People, Polar Bears, Pipelines: A History of the Arctic

As global warming accelerates and polar ice melts, the Arctic is fast becoming a hot topic of conversation worldwide. Canada is a circumpolar country with sizable arctic territories, yet most people living in Canada have never been north of sixty. This course introduces students to the recent human and environmental history of the Canadian North, focusing principally on the Northwest Territories, the Yukon, and Nunavut. Inuit, Dene, Métis, and other Indigenous voices and perspectives will be foregrounded, but we’ll listen to and learn from historical non-Indigenous visitors, sojourners, and settlers as well.

We will examine key social themes and transformations in this region, including cross-cultural trade, Christianization, and modernization. We’ll learn how people have behaved toward and understood northern environments by studying different cultural traditions of renewable and non-renewable resource use, environmental knowledge, and adaptation to environmental change. We’ll analyze conflicting, even radically divergent accounts of events in Arctic history, told through various media. Finally, we’ll explore the multiple, often contradictory “ideas of North” that Indigenous and Euro-Canadian peoples have constructed over the last few centuries. We will critically reflect on our positionality as residents of southern Canada, and on the colonialism and white supremacy undergirding historical and contemporary representations of Canada as a northern nation.



  • Participation 15%
  • Oral history review 20%
  • Film review 20%
  • Reading journal, including final summative reflection 45%


*Course components and weightings are subject to change between now and the beginning of the summer semester.

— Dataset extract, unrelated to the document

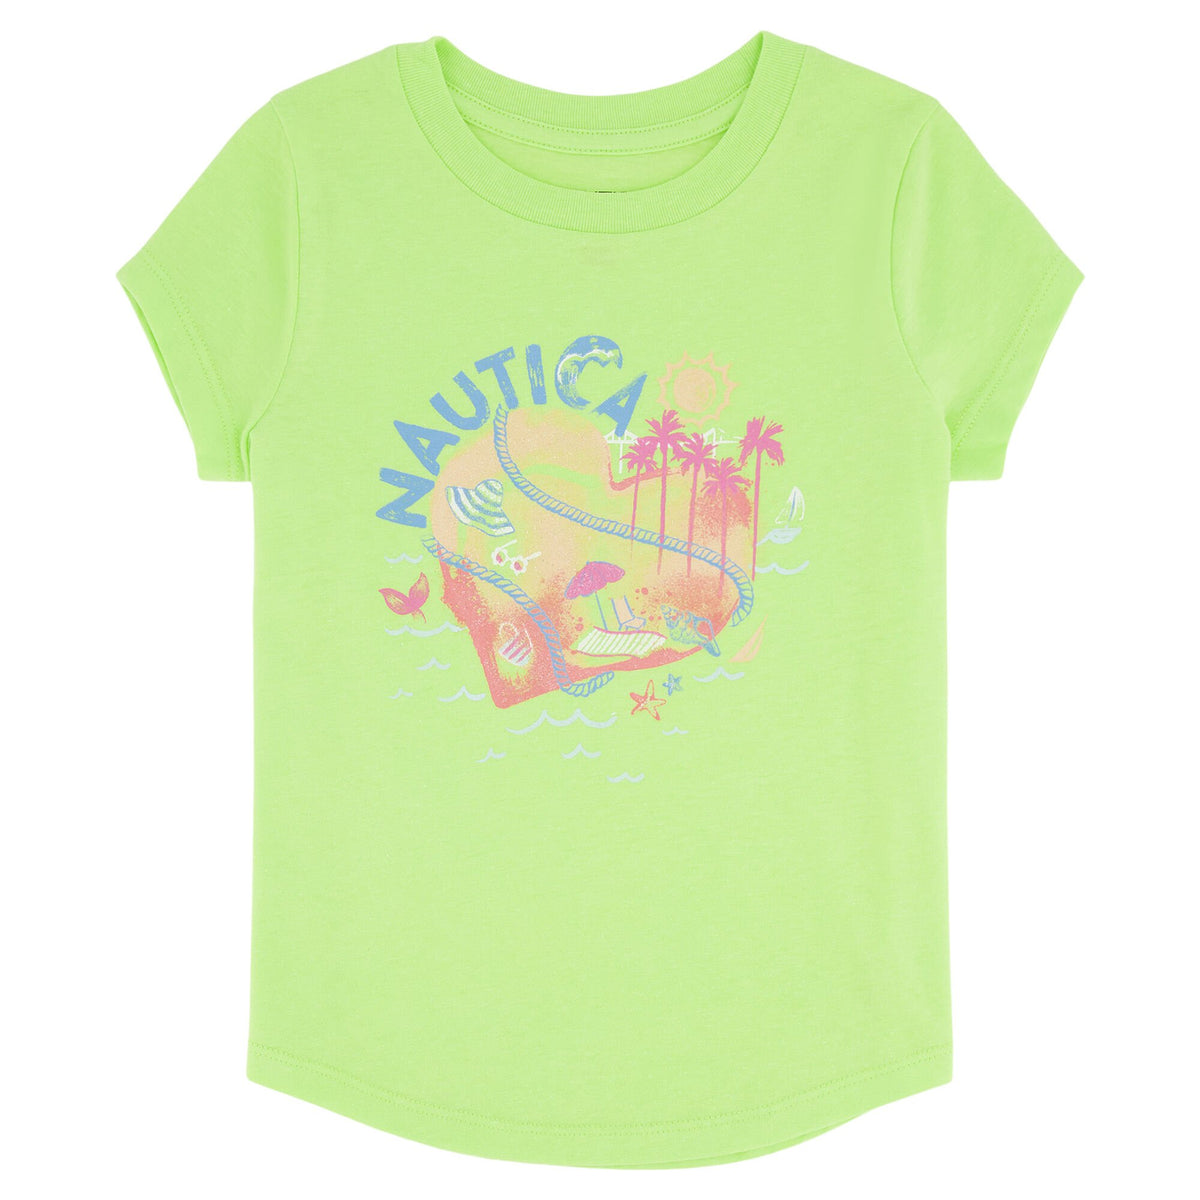 Nautica Girls' Nautica Island T-Shirt (8-16) Biscay Teal

Please contact Dr Adcock for the most up-to-date information.



All texts will be made available on, or linked to from Canvas.

Registrar Notes:


SFU’s Academic Integrity website is filled with information on what is meant by academic dishonesty, where you can find resources to help with your studies and the consequences of cheating. Check out the site for more information and videos that help explain the issues in plain English.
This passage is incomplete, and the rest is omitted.